Критик как художник | страница 90
Эрнест. Следовательно, критик, ограниченный субъективной формой, не в состоянии так полно выразить себя, как художник, в распоряжении которого всегда находятся формы безличные и объективные.
Гильберт. Ничуть. Даже скорее напротив, если он признает, что в высшем своем развитии все виды критики являются только настроением и что мы больше всего верны себе, когда мы бываем непоследовательны. Эстетический критик, верный во всем только принципу красоты, всегда будет искать новых и новых впечатлений, он выведает у каждой школы тайну ее очарования, быть может, преклонит колени перед чужими алтарями и, если ему вздумается, улыбнется загадочным новым богам. То, что люди зовут нашим прошлым, может быть, очень близко касается их, но совсем не касается нас. Тот, кто оглядывается на свое прошлое, заслуживает того, чтобы не иметь будущего. Когда мы нашли выражение для какого-нибудь настроения, мы покончили с ним. Вы смеетесь, но, поверьте мне, это так. Вчера мы пленялись реализмом. Он вызывал тот nouveau frisson, к которому и стремился. Его подвергали анализу, объясняли, и наконец он всем надоел. На закате дня явился «люминист» в живописи и «символист» в поэзии, а в России внезапно пробудился дух Средневековья, этот дух, свойственный не времени, но темпераменту, на мгновение взволновавший нас роковым обаянием страдания. Теперь кричать – о романтизме и уже трепещут листья в долине, а по алым вершинам холмов легкими позлащенными топами шествует Красота. Конечно, старые формы творчества еще остаются. С утомительной повторяемостью художники воспроизводят сами себя или друг друга. Но критика непрестанно идет вперед, но критик непрестанно развивается.

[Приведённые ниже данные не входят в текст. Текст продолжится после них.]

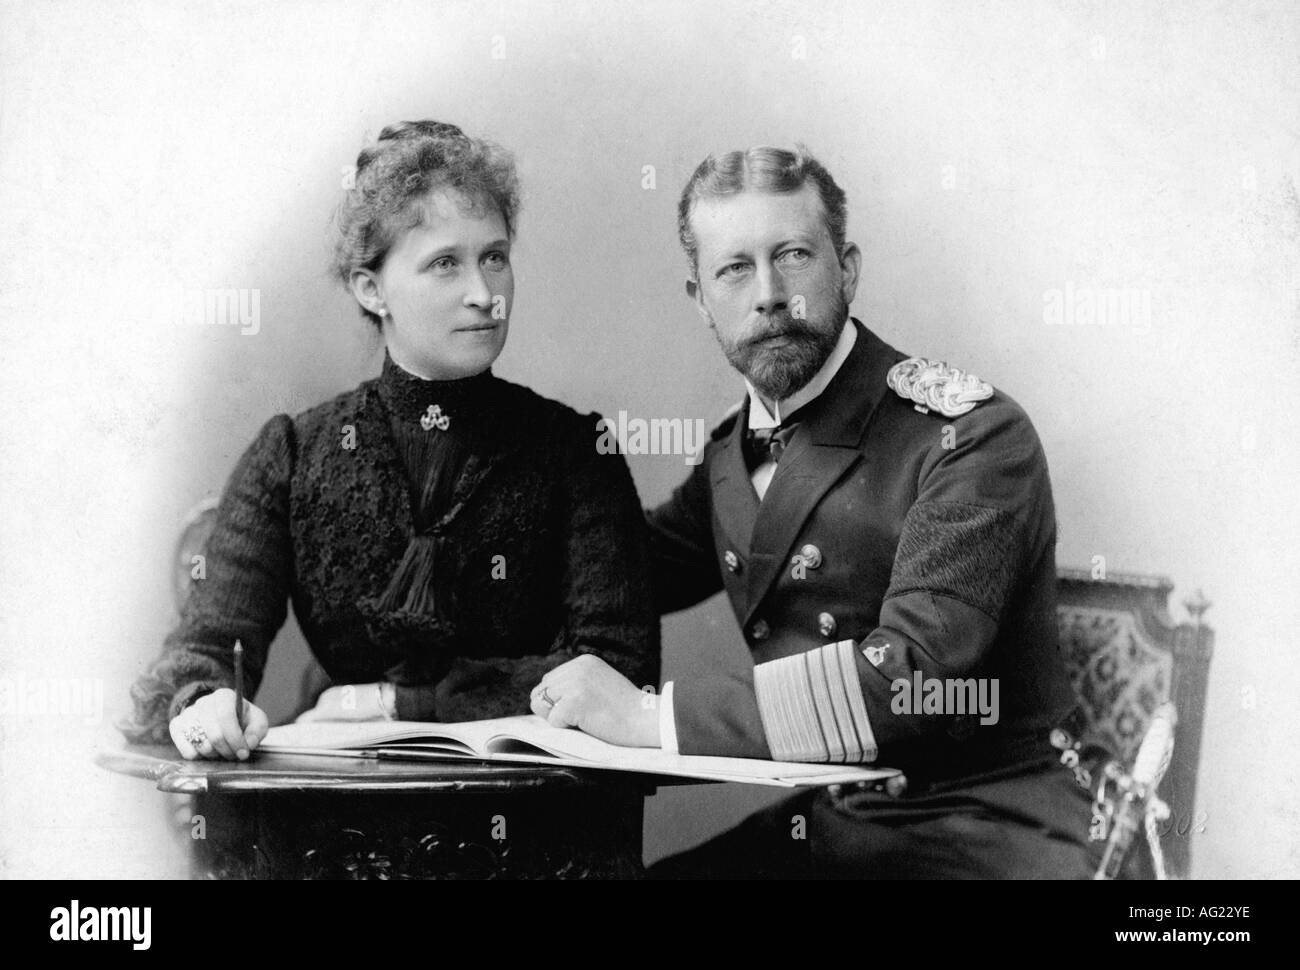 Heinrich, 14.8.1862 - 20.4.1929, Prince of Prussia, German Admiral, with wife princess Irene, photo by J.C. Scharwächter, Berlin, circa 1900, Henry, Hohenzollern, princess of Hesse and of Rhine, Germany, Uniform, , Stock Photo

И опять-таки критик не ограничен субъективной формой выражения. Ему принадлежит метод драматический, так же как метод эпический. Он может пользоваться диалогом, как сделал тот, кто заставил Мильтона с Марвелем беседовать о природе комедии и трагедии, он может устроить между Сиднеем и лордом Бруком в тени дубов Пенсхерста спор о литературе. Или выбрать форму повествовательную, как это обычно у Патера: каждый из его «Вымышленных портретов» – ведь так называется его книга? – являет под видом причудливого рассказа тонкий и совершенный образец критики, разбирающей то художника Ватто, то философа Спинозу, то языческое начало в раннем Ренессансе и, наконец, источники Aufklärung’a, этого озарения, забрезжившего в Германии в XVIII веке, так много давшего и нашей культуре. Творческие критики всего мира всегда пользовались диалогом, этой чудесной литературной формой, которую употребляли все, от Платона до Лукиана, от Лукиана до Джордано Бруно, от Бруно до великого язычника, которым восхищался Карлейль, и никогда диалог, как метод самовыражения, не потеряет для мыслителя своей привлекательности. При помощи диалога он может и открыть, и утаить самого себя, дать воплощение каждой фантазии, каждому настроению – дать реальность. При помощи диалога он может показать нам предмет с разных точек зрения, показать нам его в выпуклом виде, как делает это скульптор, и таким образом создать те богатые и осязаемые эффекты, которые из каких-то проселочных тропинок внезапно появляются при развитии главной идеи, полнее освещая ее, или слагаются под влиянием тех счастливых последующих мыслей, которые придают окончательную полноту главной схеме и все-таки отмечены изысканной прелестью случайности.